The 1st problem is... Why did the resistor burn-up? Maybe the battery is bad/shorted?

How big is the resistor, physically? You can get a good idea of the resistor's power rating from it's size. (Just look-up some specs/dimensions online.)

A lower value resistor will allow more current and generate more heat. A higher value resistor will generate less heat (and is less-likely to burn-up

) but the battery will charge more slowely.

I'm not sure why the diode is there, unless it's to prevent you from charging the battery "backwards" (discharging it). Or, I wonder if it's a Zener diode, which drops a fixed voltage? A zener diode would have to be big enough to dissipate a few watts of power (maybe 3W). A regular diode can be small and only needs something more than the 500mA

*current* rating. Any diode can handle 12 Volts.

6W max with output DC 12 500mA

OK "worst case'', with minimum resistor value and a shorted battery, you'd need a 6 Watt resistor. If we take one of the power formulas (Voltage squared/R or Current squared x R), we can manipulate the formula and calculate the minimum resistance = 24 Ohms.

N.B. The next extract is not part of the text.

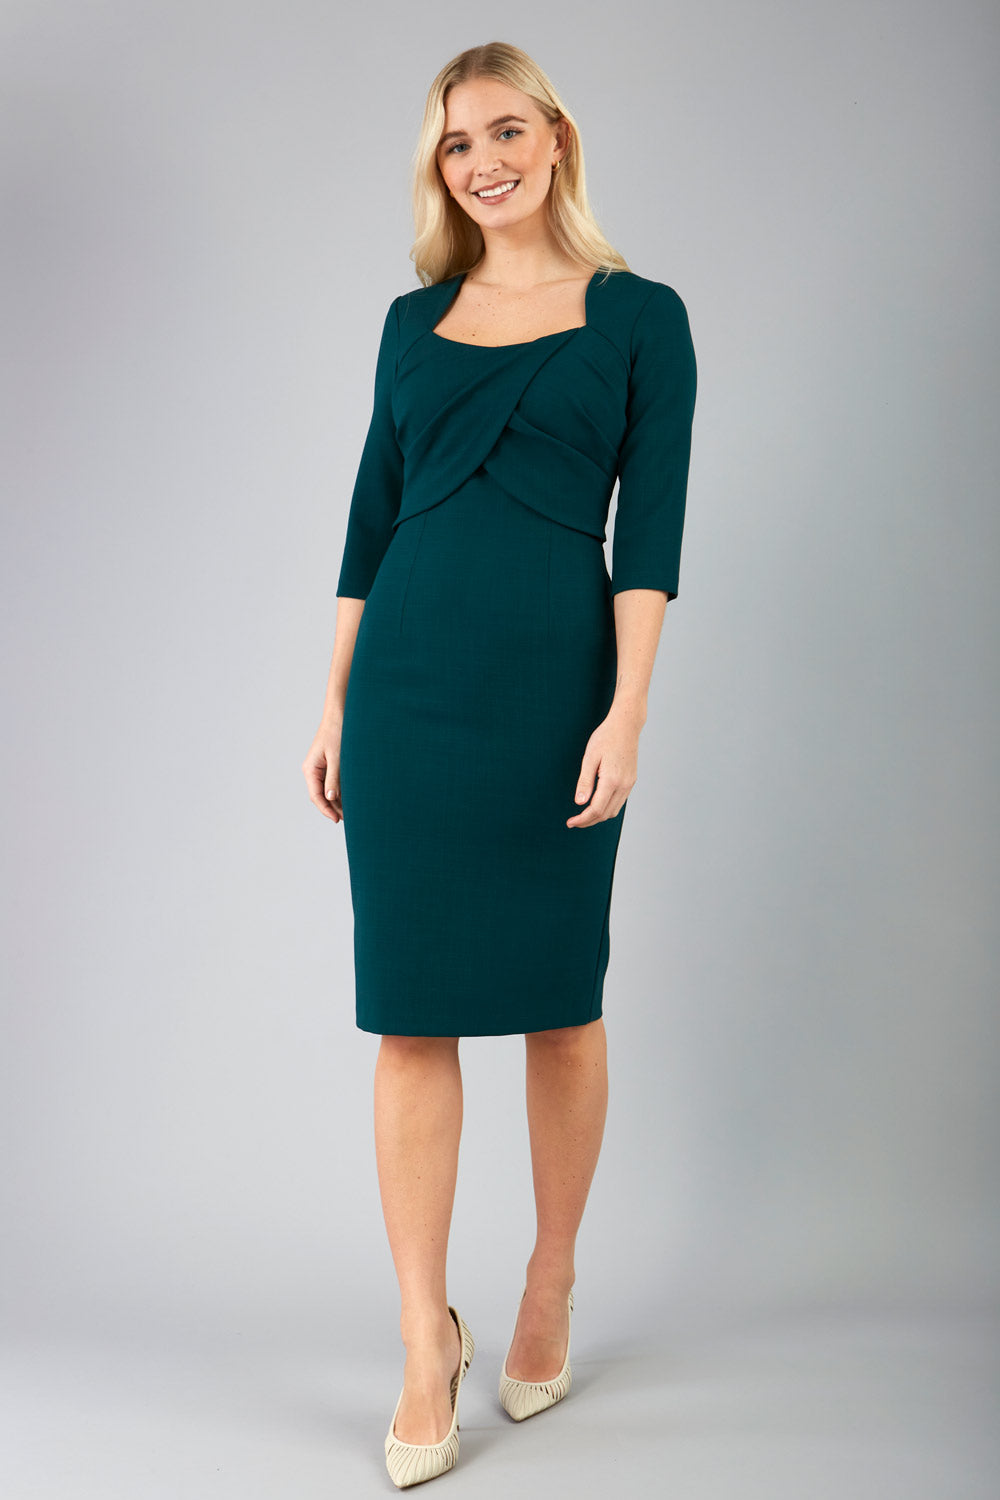 Model wearing Diva Catwalk Lantana Square Neck Pencil Dress 3/4 Sleeve in Forest Green front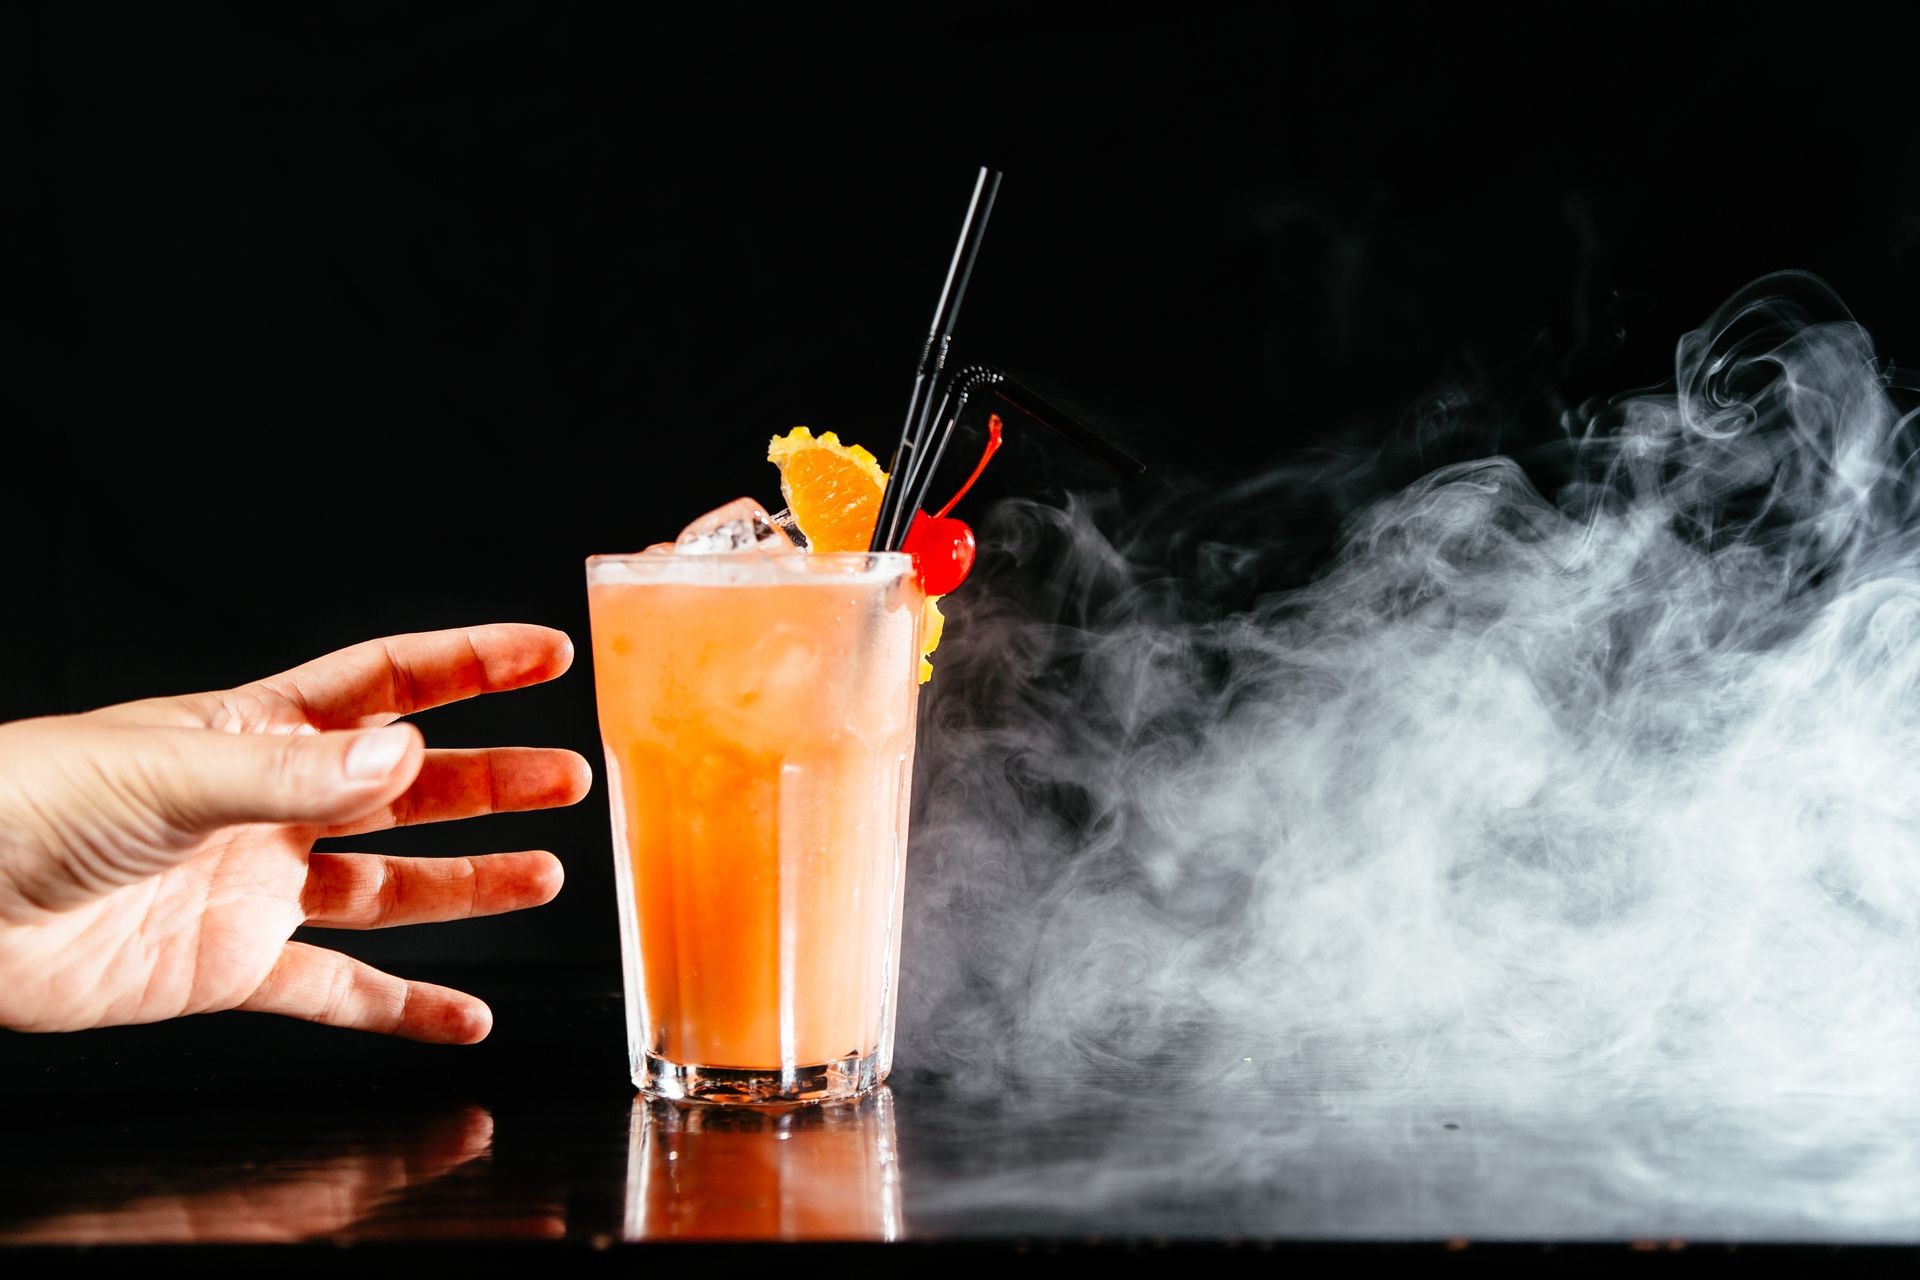 Colorful cocktail on black background. Man taking cocktail drink. Hand grabbing alcoholic drinks.

A 144 Ohm resistor with 12V applied across it (again assuming a shorted or completely dead battery with no internal resistance) would dissipate 1W. You won't find a 144 Ohm resistor, but you could probably find 150 Ohms.

*Please* double-check my math before you solder anything!

A Zener diode sort-of makes sense... With, say 5V, dropped across the Zener, the resistor & battery only have to share about 7V and you can get-away with a lower-value, lower-power resistor and the battery chould charge faster.